La Rapporteuse spéciale s’est alarmée du nombre important d’enfants victimes de multiples formes de violences et abus: les infanticides des enfants considérés « sorciers », les mutilations génitales féminines, les enlèvements à des fins de placement dans les couvents vaudous, les mariages forcés, les châtiments corporels et les viols.
« Bien que l’ampleur réelle de ces phénomènes reste difficile à déterminer du fait de la faiblesse des signalements et du recours au règlement à l’amiable, tous les acteurs rencontrés déplorent le nombre alarmant de violences et d’exploitation économique et/ou sexuelle dont sont particulièrement victimes les filles », a souligné Mme Maalla M’jid.

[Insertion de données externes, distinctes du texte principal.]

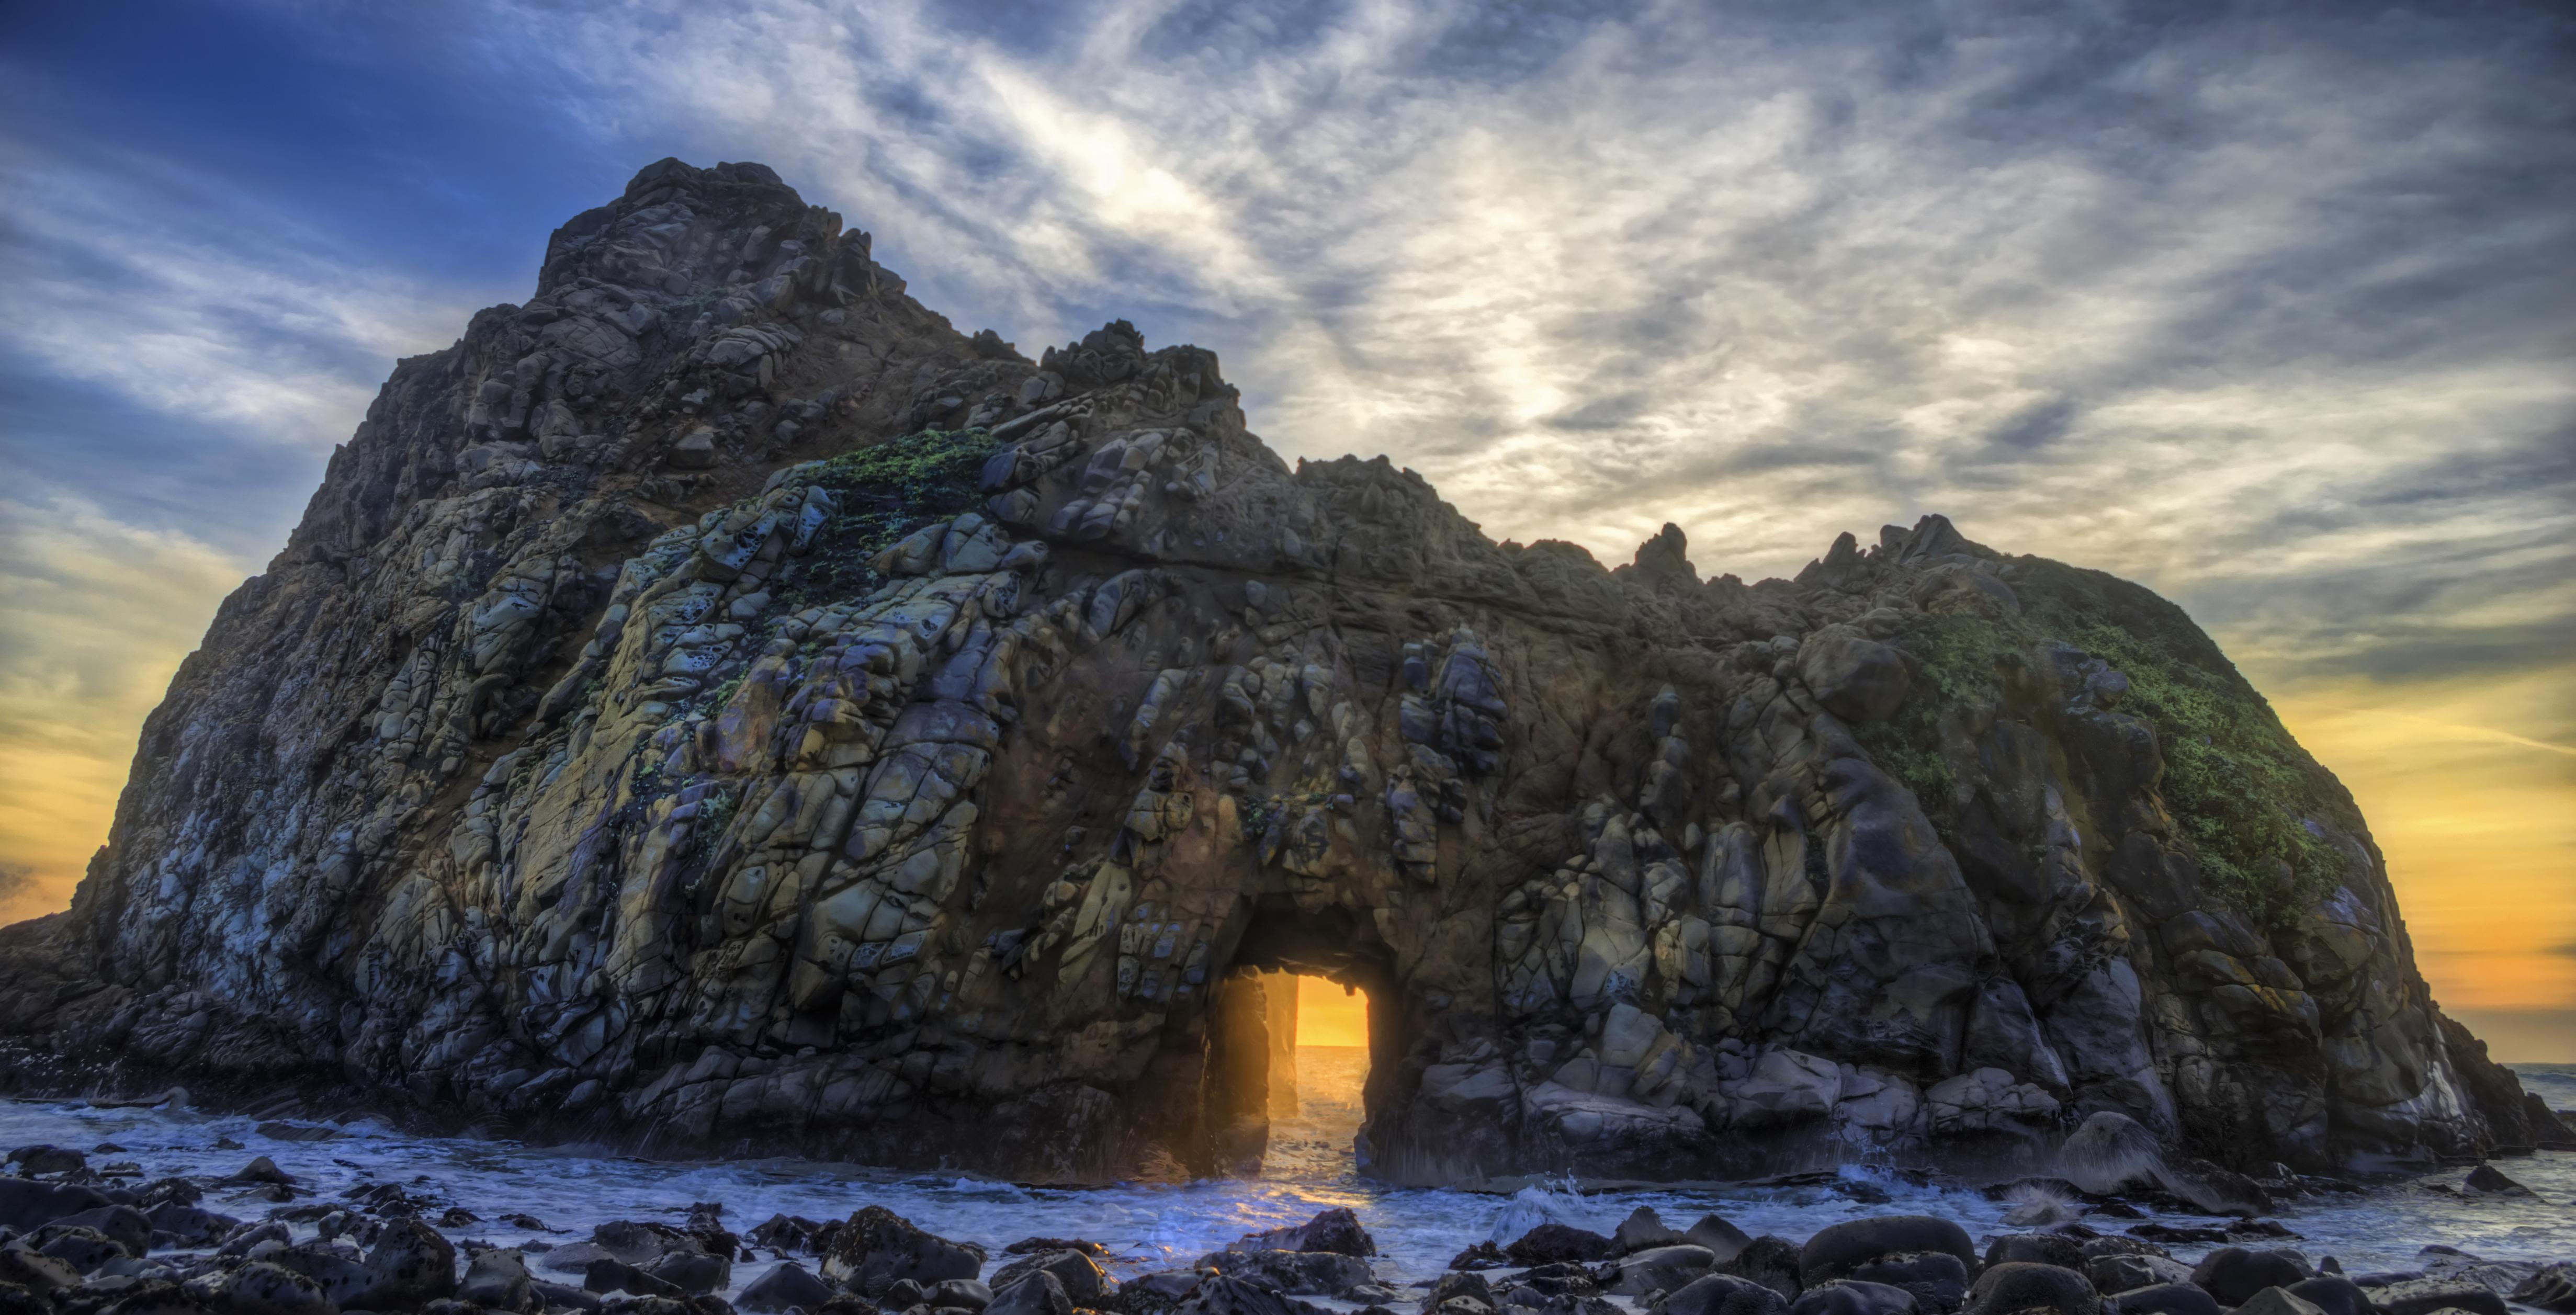 Big Sur Sunset Sunset in Big Sur | Hdr Creme

La Rapporteuse spéciale a manifesté sa grande préoccupation quant aux violences sexuelles subies par les filles au sein des écoles et au nombre croissant de grossesses précoces. « Il est impensable que dans l’école, censée être un environnement éducatif et protecteur, des filles soient abusées impunément », s’est indignée la Rapporteuse spéciale.
Si le Bénin dispose de nombreuses lois relatives à la protection de l’enfance, leur mise en œuvre souffre d’un manque d’effectivité. Cela résulte notamment des difficultés qu’ont les enfants à accéder à des mécanismes de recours garantissant leur protection et leur sécurité mais aussi de la corruption et de l’impunité. Les arrangements à l’amiable qui ont souvent lieu au niveau communautaire se font au détriment de l’intérêt de l’enfant, dont la voix reste très peu prise en compte.
De très nombreux mécanismes et actions de protection de l’enfance ont été mis en place aux niveaux central et local, mais la plupart sont dysfonctionnels ou insuffisants, notamment en raison du manque de ressources. Malgré l’engagement de certains acteurs, les actions entreprises dans le domaine de la protection de l’enfance restent éparses, non coordonnées et non pérennes car tributaires des partenaires.
La Rapporteuse spéciale a souligné la nécessité de passer d’une logique de projet à une réelle stratégie intégrée de protection de l’enfance, déclinée en dispositifs locaux de protection aisément accessibles à tous les enfants, et dotée de ressources humaines et financières appropriées.
Elle a encouragé la communauté internationale à appuyer la mise en place de cette stratégie afin de combattre efficacement et durablement toute forme de violence, d’abus et d’exploitation des enfants.